Why is it that when a black is Democrat, some assume they are legit, and when they are Republicans, they are Aunt Jemimas, Uncle Toms, front office niggers, etc., etc.?
It seems that certain syndicated cartoonists and a certain radio DJ are upset with Republicans. They are in possession of the wrong blacks, we are led to believe.
Why is it that blacks are assumed to be a homogenous group? Dare I call that... Prejudice?? Racism??
There, I said it. Go ahead - hang me out to dry. Meanwhile when you are in the right, you really don't need to listen to the crap.
This dated editorial from the WSJ says it all...
- Bill
Cartoon Calumny
Why is Condoleezza Rice's race fair game for Administration critics?
Friday, October 22, 2004 12:01 a.m. EDT
It's no secret that Jeff Danziger is a syndicated cartoonist who leans left of center. But who knew that he also considers himself an arbiter of black authenticity?
One of Mr. Danziger's recent illustrations features National Security Adviser Condoleezza Rice as a semi-literate mammy. Ms. Rice--a Russia scholar, former provost of Stanford University and concert pianist--is drawn barefoot and wearing a housedress. Mr. Danziger forgot to put a handkerchief on her head, but the size of her lips has been exaggerated sufficiently to make up for that oversight. She's sitting in a rocking chair and nursing an aluminum tube as though it were an infant. The caption reads: "I KNOWS ALL ABOUT ALUMINUM TUBES! (Correction) I DON'T KNOW NUTHIN' ABOUT ALUMINUM TUBES . . ."
Mr. Danziger, a proud member of the media's "Bush Lied!" brigade, is making a point about the administration's supposed manipulation of prewar intelligence on Iraq. The caption is an apparent reference to Prissy, the house slave in "Gone With the Wind" who uttered something similar about babies.

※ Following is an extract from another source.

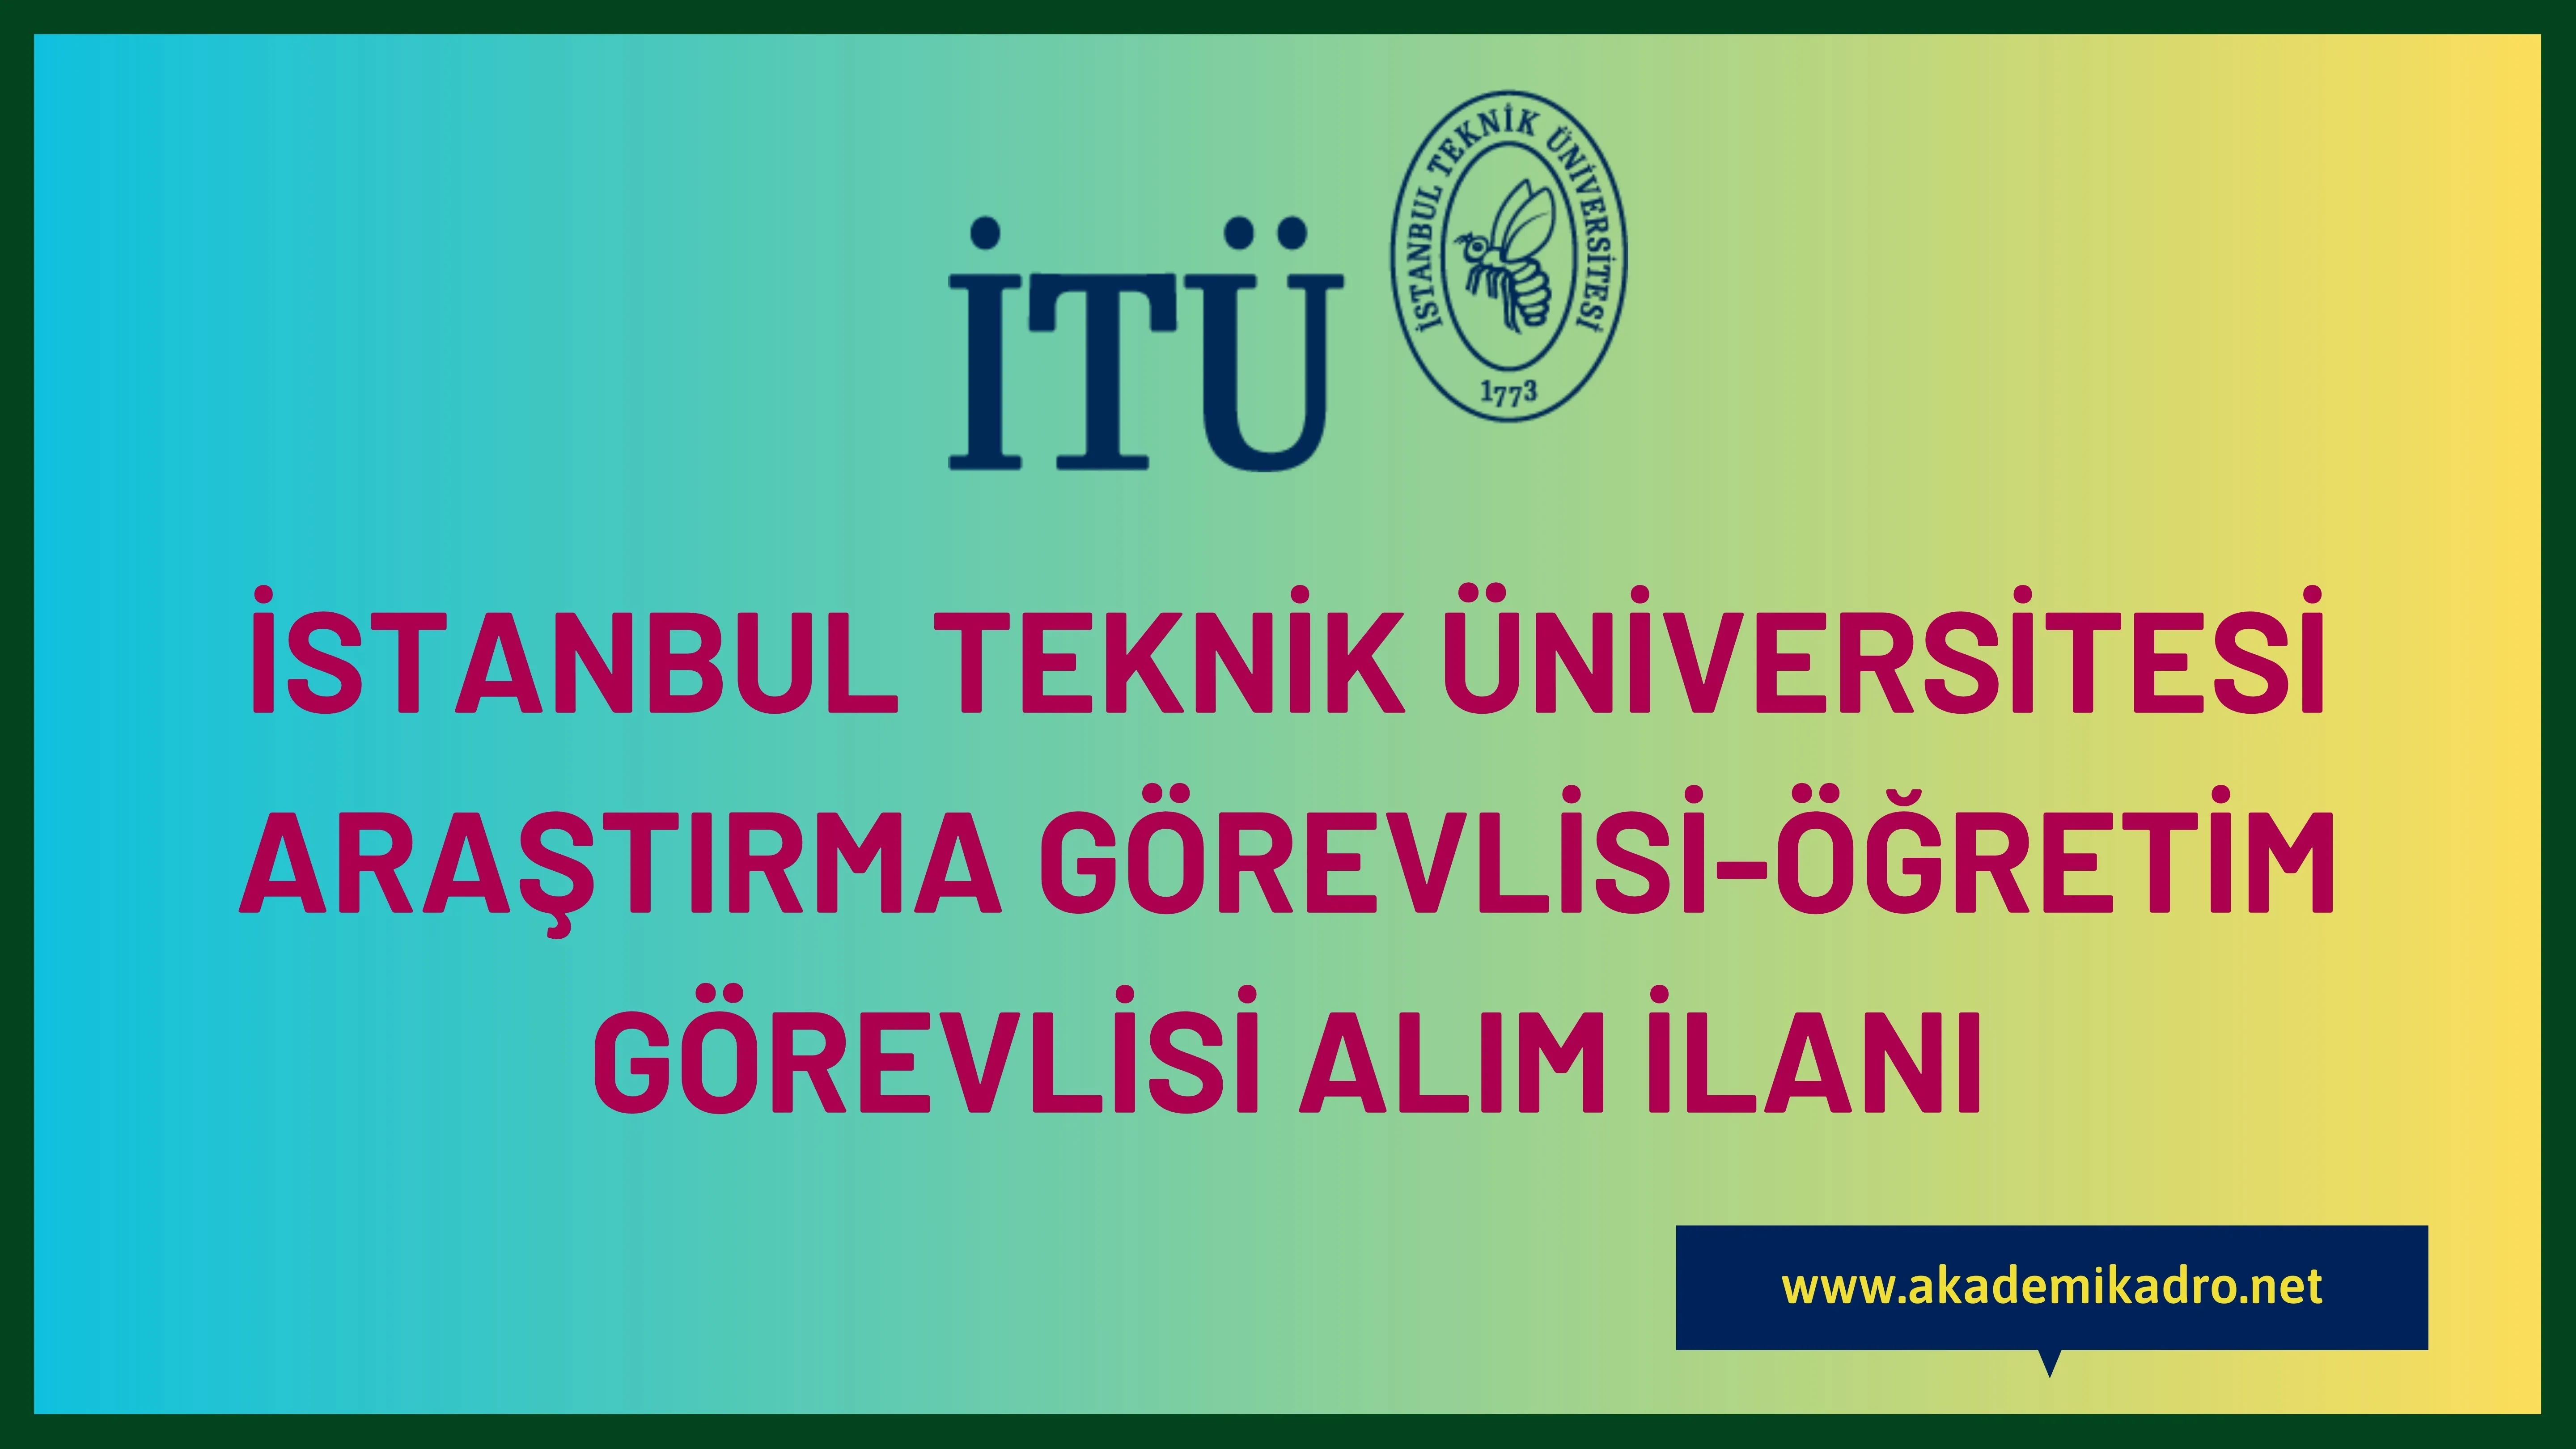 İstanbul Teknik Üniversitesi 53 Araştırma görevlisi ve 18 Öğretim Görevlisi alacak.
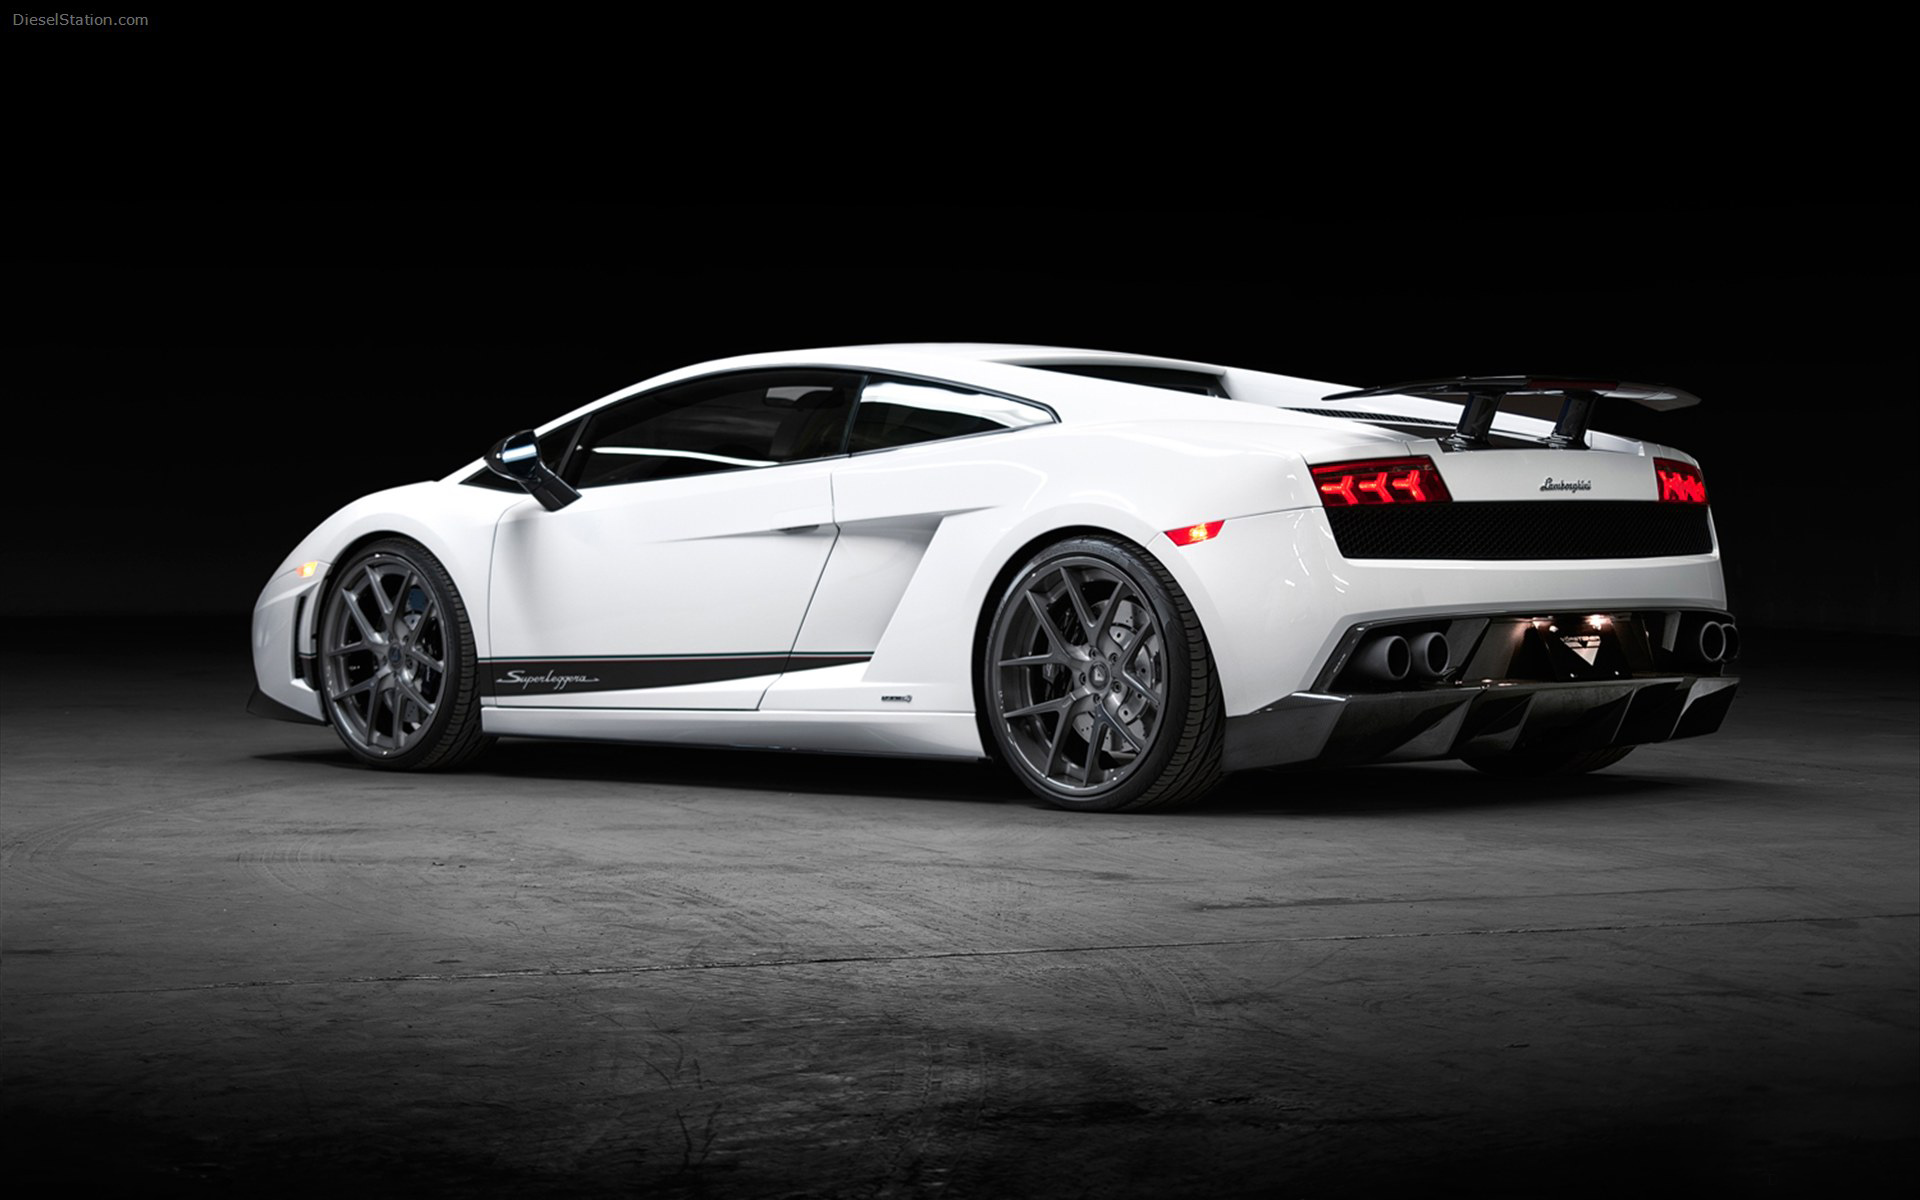 Lamborghini Gallardo 2012 White - HD Wallpaper

A substantive debate about the president's handling of the war is something reasonable people welcome, especially in an election year. But it's impossible to see where the national security adviser's race or sex fits in to a debate about what Saddam Hussein planned to do with his aluminum tubes.
Prompted by a deluge of complaints about the caricature, Mr. Danziger sent out a form letter defending himself. He says that the cartoon isn't racist because the idea "was suggested to me by a friend who is African-American"--as if blacks are incapable of being racist. He then goes on to dismiss Ms. Rice as "a political operative, out of her depth." This is a man who doesn't know when to stop digging.
The cartoon has since been removed from both Mr. Danziger's Web site and that of the New York Times Syndicate, which distributes it. But racist or not, the illustration is certainly revealing. For liberals, Condi Rice's real crime is bucking Democratic orthodoxy and working for a conservative president. This makes her fair game for race-based attacks even when the issue at hand has absolutely nothing to do with race. She is a black woman who, in Mr. Danziger's view, has wandered off the liberal plantation. And this is his way of putting Ms. Rice and other black conservatives in their place.